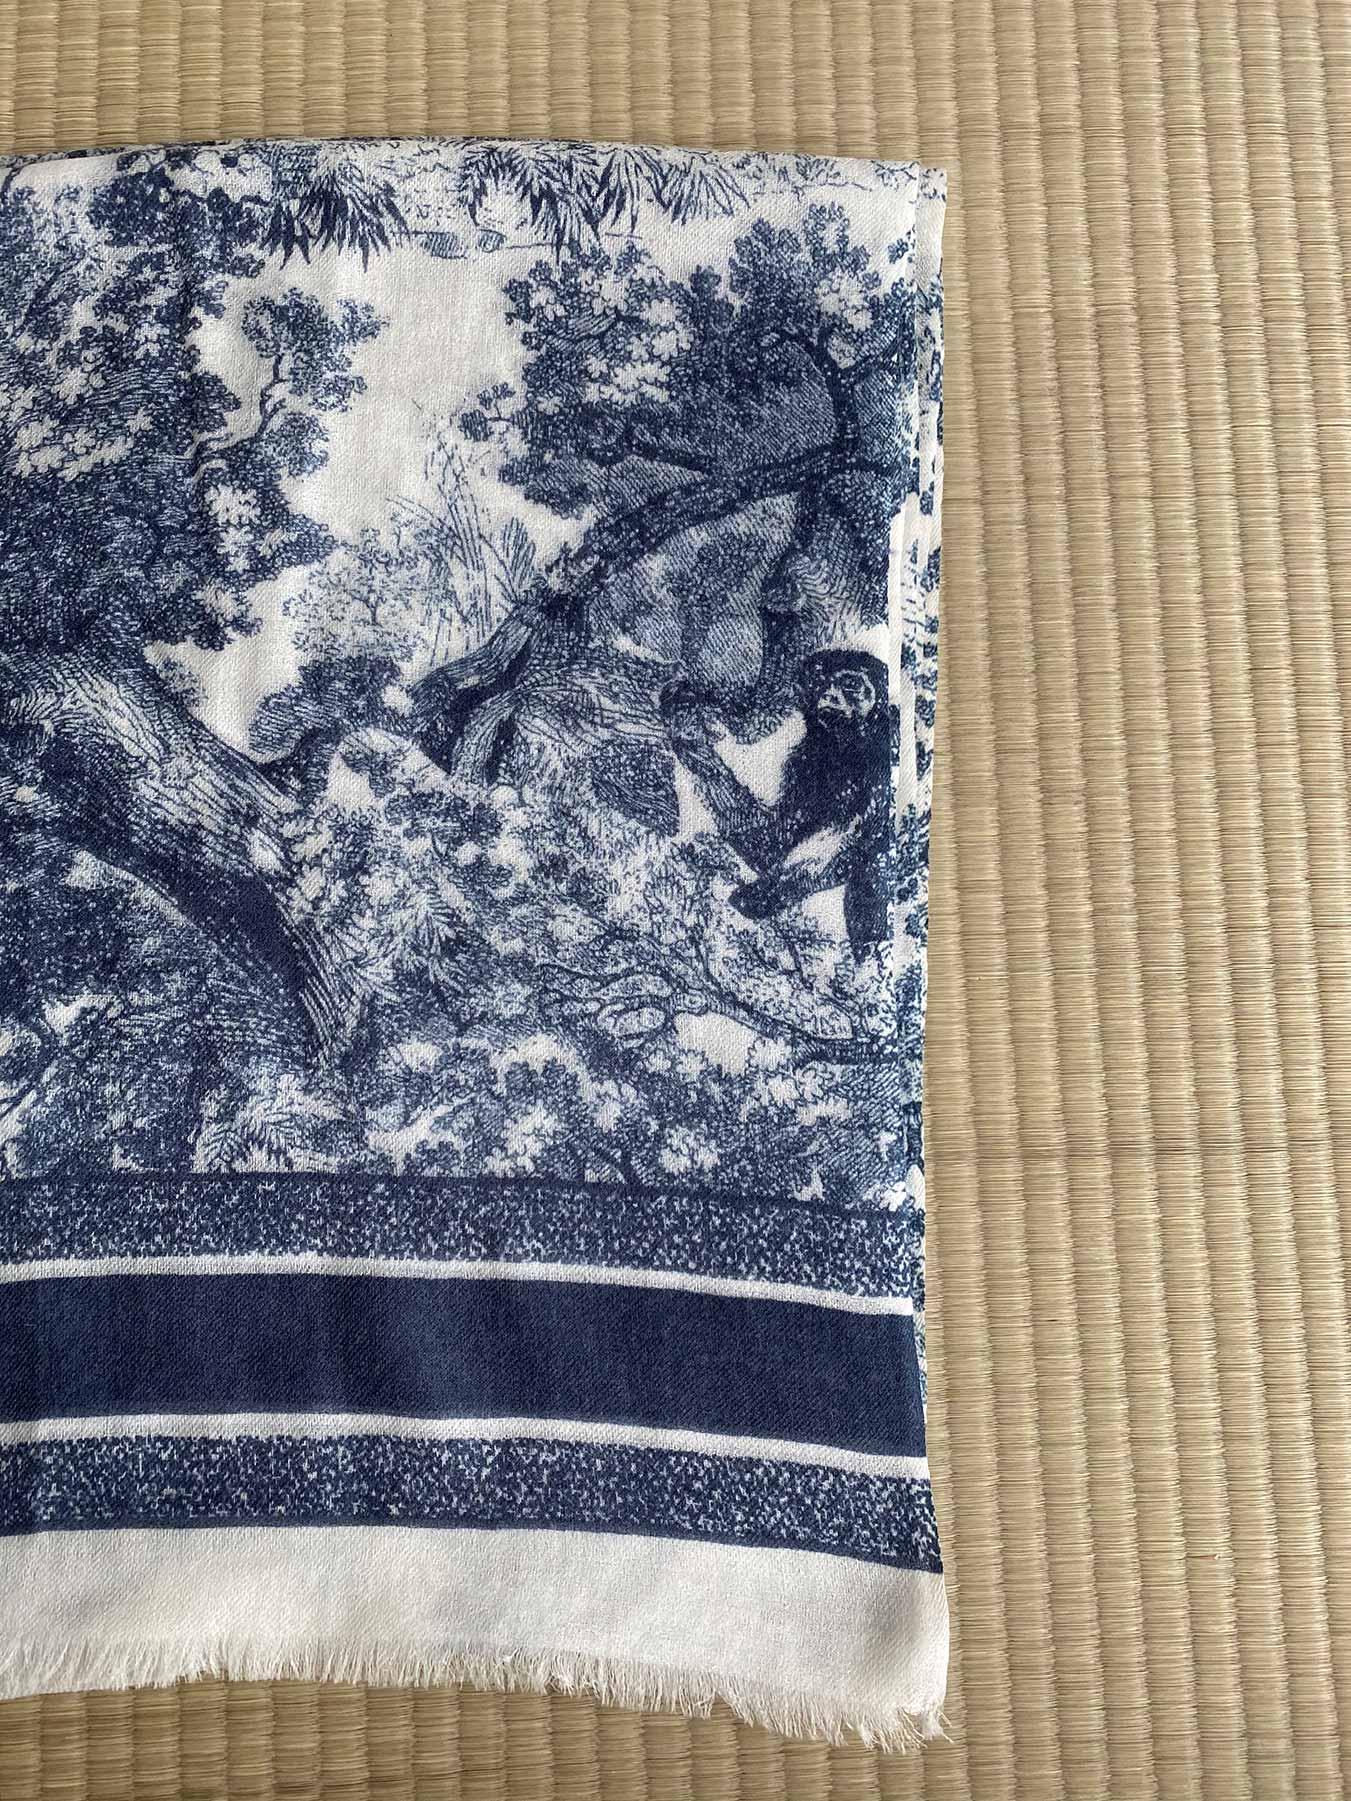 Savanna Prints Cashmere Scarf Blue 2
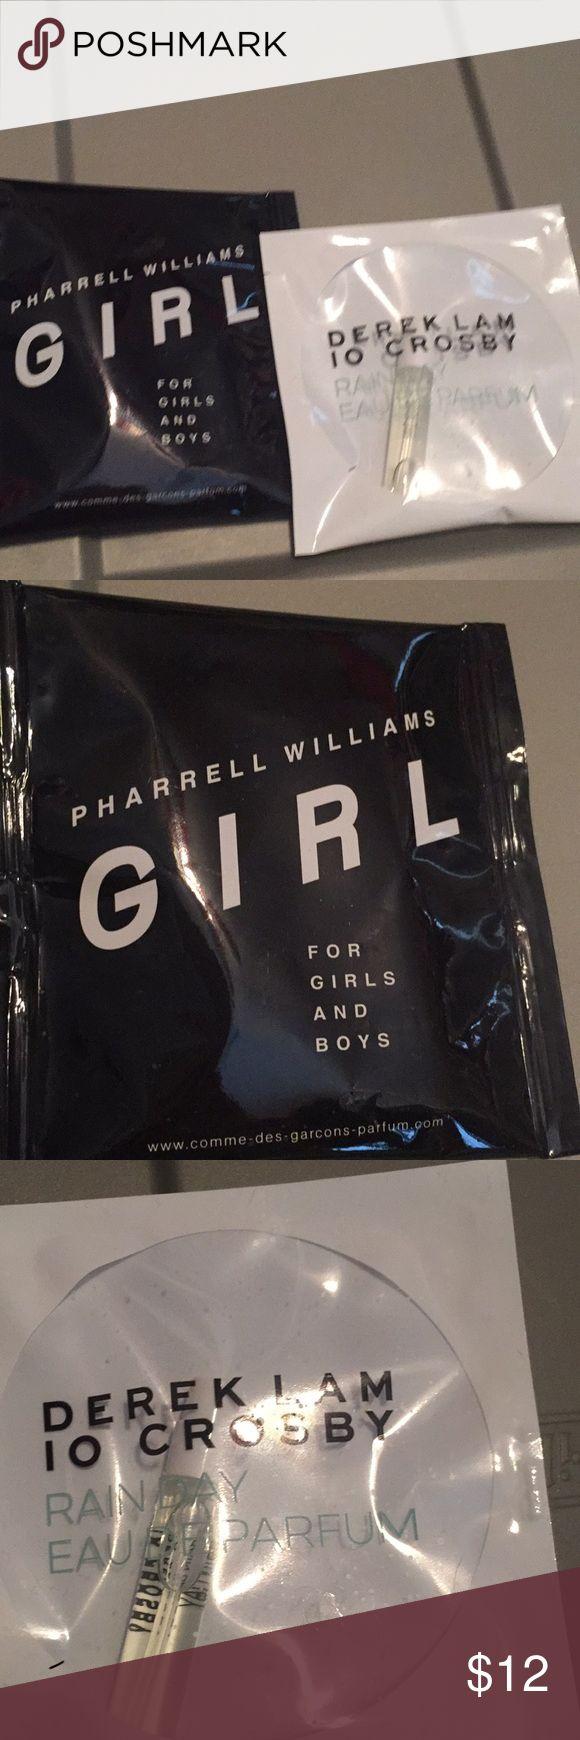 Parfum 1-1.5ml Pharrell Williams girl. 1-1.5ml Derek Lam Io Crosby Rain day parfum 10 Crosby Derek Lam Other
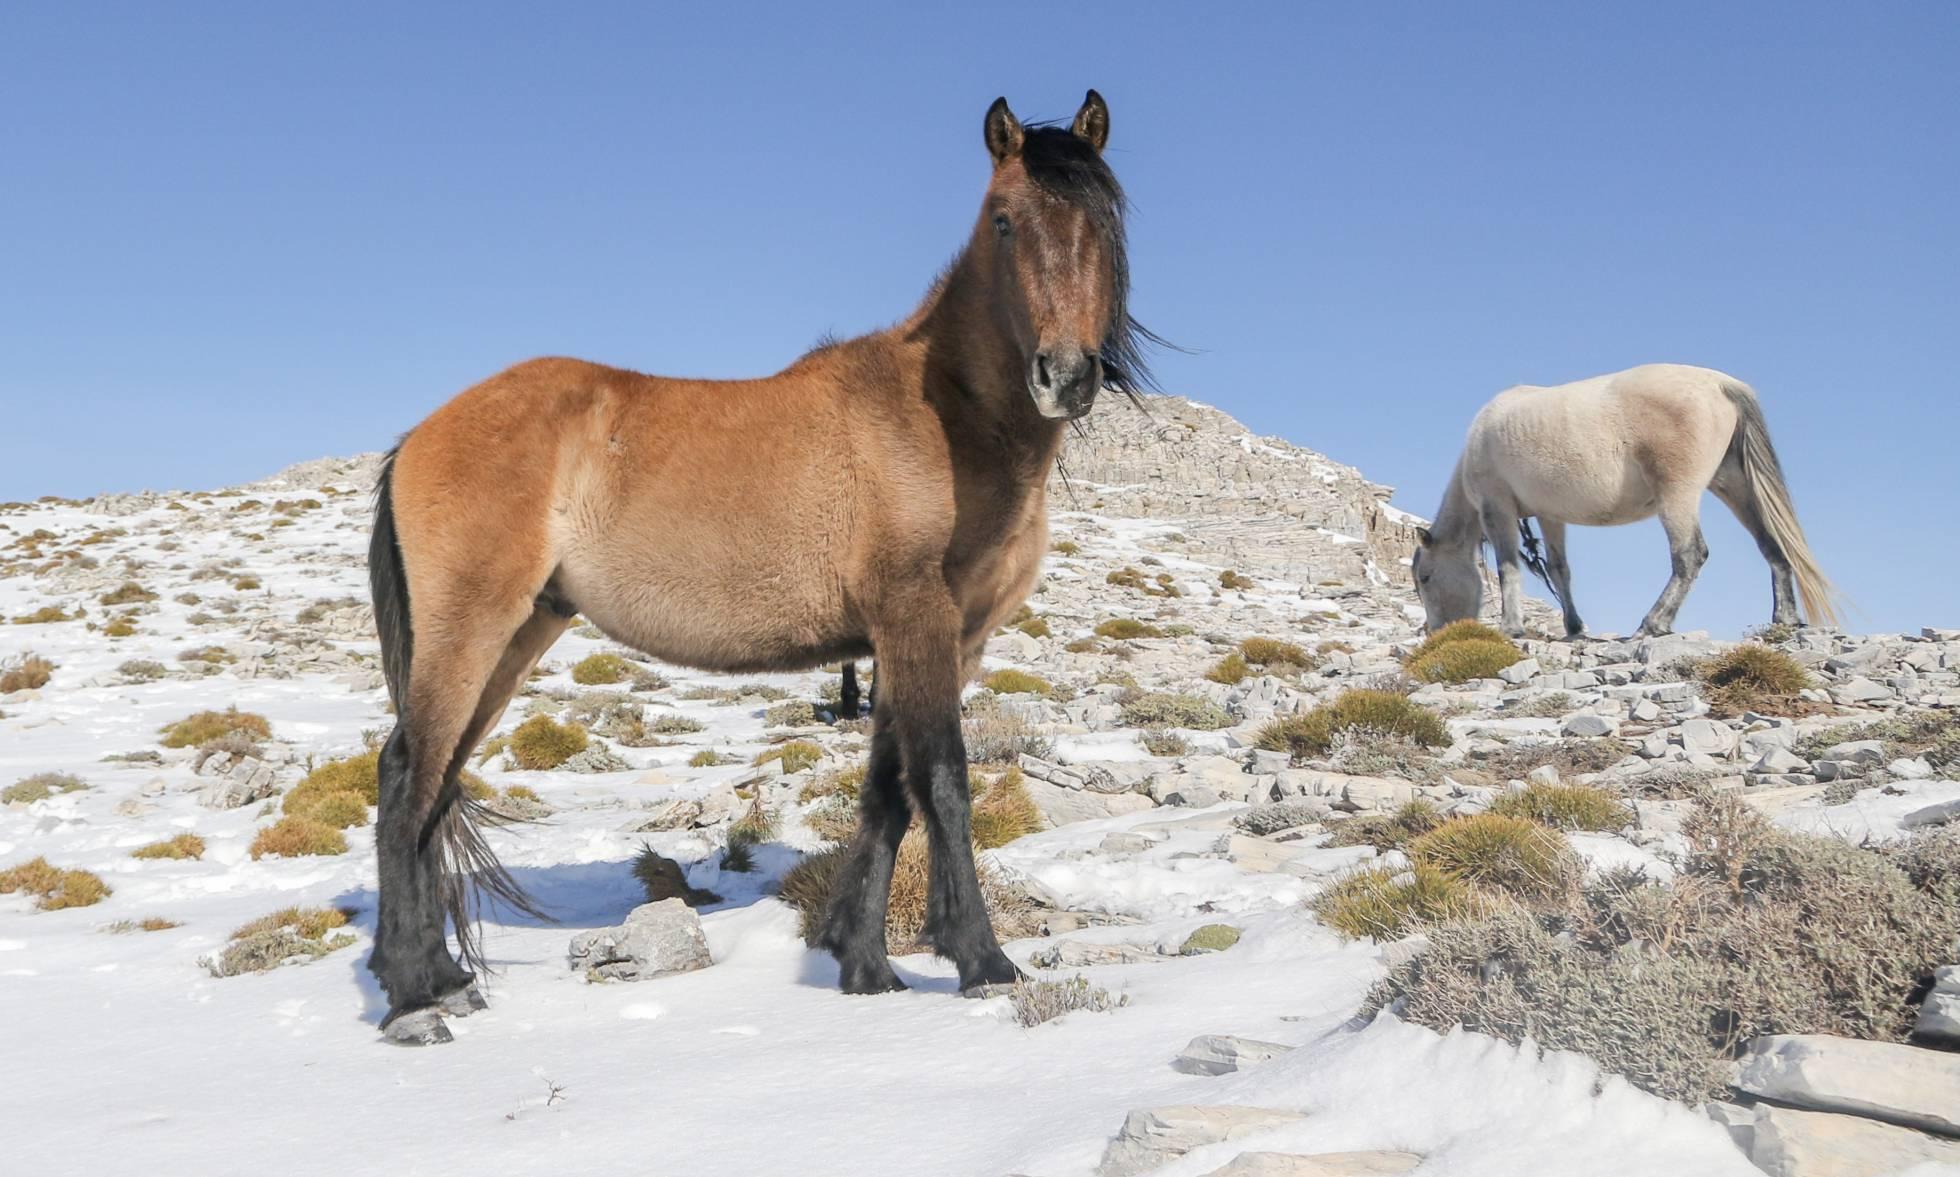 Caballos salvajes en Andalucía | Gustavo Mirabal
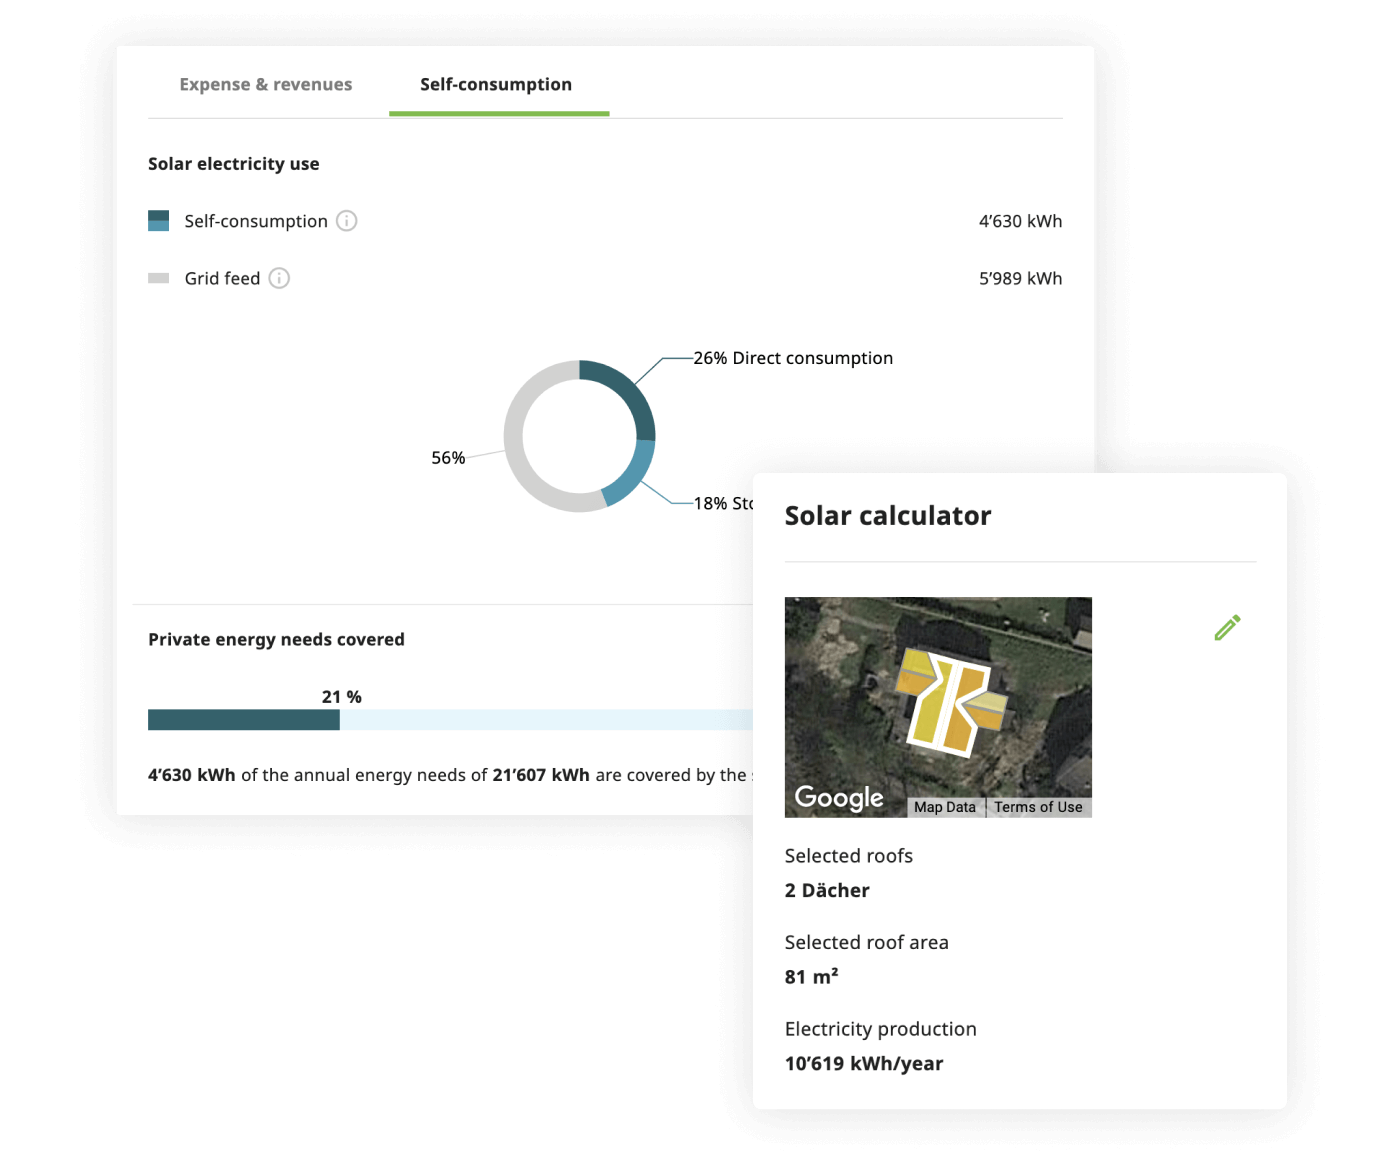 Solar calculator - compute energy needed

=== WORK TO BE COMPLETED ===
Copy all of the listing word for word, minus the images.

=== COMPLETED EXERCISE ===
 Savanna Prints Cashmere Scarf Blue 2
 Parfum 1-1.5ml Pharrell Williams girl. 1-1.5ml Derek Lam Io Crosby Rain day parfum 10 Crosby Derek Lam Other
 Caballos salvajes en Andalucía | Gustavo Mirabal
 Solar calculator - compute energy needed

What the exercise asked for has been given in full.